- [WHAT THIS TASK INVOLVES] In this exercise, reproduce all the entries that follow exactly.
-------
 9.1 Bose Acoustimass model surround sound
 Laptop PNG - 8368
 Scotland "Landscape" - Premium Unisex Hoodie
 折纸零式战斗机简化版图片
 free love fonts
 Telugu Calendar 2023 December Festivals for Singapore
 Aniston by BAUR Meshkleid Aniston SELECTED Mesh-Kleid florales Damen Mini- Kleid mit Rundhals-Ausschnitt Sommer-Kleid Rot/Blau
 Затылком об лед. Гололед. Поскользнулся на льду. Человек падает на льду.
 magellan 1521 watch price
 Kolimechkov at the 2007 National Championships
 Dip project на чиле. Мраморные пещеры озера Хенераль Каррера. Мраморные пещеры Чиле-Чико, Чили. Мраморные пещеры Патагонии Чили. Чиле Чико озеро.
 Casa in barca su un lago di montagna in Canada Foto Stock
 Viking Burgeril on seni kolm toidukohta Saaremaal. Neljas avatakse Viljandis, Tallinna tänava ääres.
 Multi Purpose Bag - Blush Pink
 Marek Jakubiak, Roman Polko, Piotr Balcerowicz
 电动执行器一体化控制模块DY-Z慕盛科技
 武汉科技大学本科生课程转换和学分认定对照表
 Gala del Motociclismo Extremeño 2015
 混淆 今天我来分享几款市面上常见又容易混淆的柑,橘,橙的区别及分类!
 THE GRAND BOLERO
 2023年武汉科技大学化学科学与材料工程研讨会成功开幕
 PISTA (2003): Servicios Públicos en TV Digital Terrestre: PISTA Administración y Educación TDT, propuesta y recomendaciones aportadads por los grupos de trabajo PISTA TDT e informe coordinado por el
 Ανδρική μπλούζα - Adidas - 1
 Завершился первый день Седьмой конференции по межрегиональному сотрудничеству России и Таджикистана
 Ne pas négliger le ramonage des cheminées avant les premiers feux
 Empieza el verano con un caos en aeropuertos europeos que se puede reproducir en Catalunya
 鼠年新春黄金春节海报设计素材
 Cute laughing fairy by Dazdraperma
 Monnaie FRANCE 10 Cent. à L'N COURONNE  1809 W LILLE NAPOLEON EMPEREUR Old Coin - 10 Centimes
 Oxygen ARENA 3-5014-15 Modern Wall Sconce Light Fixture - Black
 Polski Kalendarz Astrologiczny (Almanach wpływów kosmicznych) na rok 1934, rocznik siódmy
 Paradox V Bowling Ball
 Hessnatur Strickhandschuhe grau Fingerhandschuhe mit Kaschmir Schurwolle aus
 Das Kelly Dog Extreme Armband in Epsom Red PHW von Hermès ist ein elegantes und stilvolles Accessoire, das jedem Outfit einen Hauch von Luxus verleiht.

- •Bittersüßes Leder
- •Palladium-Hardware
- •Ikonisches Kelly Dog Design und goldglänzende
-------
- [ANSWER AREA]
 9.1 Bose Acoustimass model surround sound
 Laptop PNG - 8368
 Scotland "Landscape" - Premium Unisex Hoodie
 折纸零式战斗机简化版图片
 free love fonts
 Telugu Calendar 2023 December Festivals for Singapore
 Aniston by BAUR Meshkleid Aniston SELECTED Mesh-Kleid florales Damen Mini- Kleid mit Rundhals-Ausschnitt Sommer-Kleid Rot/Blau
 Затылком об лед. Гололед. Поскользнулся на льду. Человек падает на льду.
 magellan 1521 watch price
 Kolimechkov at the 2007 National Championships
 Dip project на чиле. Мраморные пещеры озера Хенераль Каррера. Мраморные пещеры Чиле-Чико, Чили. Мраморные пещеры Патагонии Чили. Чиле Чико озеро.
 Casa in barca su un lago di montagna in Canada Foto Stock
 Viking Burgeril on seni kolm toidukohta Saaremaal. Neljas avatakse Viljandis, Tallinna tänava ääres.
 Multi Purpose Bag - Blush Pink
 Marek Jakubiak, Roman Polko, Piotr Balcerowicz
 电动执行器一体化控制模块DY-Z慕盛科技
 武汉科技大学本科生课程转换和学分认定对照表
 Gala del Motociclismo Extremeño 2015
 混淆 今天我来分享几款市面上常见又容易混淆的柑,橘,橙的区别及分类!
 THE GRAND BOLERO
 2023年武汉科技大学化学科学与材料工程研讨会成功开幕
 PISTA (2003): Servicios Públicos en TV Digital Terrestre: PISTA Administración y Educación TDT, propuesta y recomendaciones aportadads por los grupos de trabajo PISTA TDT e informe coordinado por el
 Ανδρική μπλούζα - Adidas - 1
 Завершился первый день Седьмой конференции по межрегиональному сотрудничеству России и Таджикистана
 Ne pas négliger le ramonage des cheminées avant les premiers feux
 Empieza el verano con un caos en aeropuertos europeos que se puede reproducir en Catalunya
 鼠年新春黄金春节海报设计素材
 Cute laughing fairy by Dazdraperma
 Monnaie FRANCE 10 Cent. à L'N COURONNE  1809 W LILLE NAPOLEON EMPEREUR Old Coin - 10 Centimes
 Oxygen ARENA 3-5014-15 Modern Wall Sconce Light Fixture - Black
 Polski Kalendarz Astrologiczny (Almanach wpływów kosmicznych) na rok 1934, rocznik siódmy
 Paradox V Bowling Ball
 Hessnatur Strickhandschuhe grau Fingerhandschuhe mit Kaschmir Schurwolle aus
 Das Kelly Dog Extreme Armband in Epsom Red PHW von Hermès ist ein elegantes und stilvolles Accessoire, das jedem Outfit einen Hauch von Luxus verleiht.

- •Bittersüßes Leder
- •Palladium-Hardware
- •Ikonisches Kelly Dog Design und goldglänzende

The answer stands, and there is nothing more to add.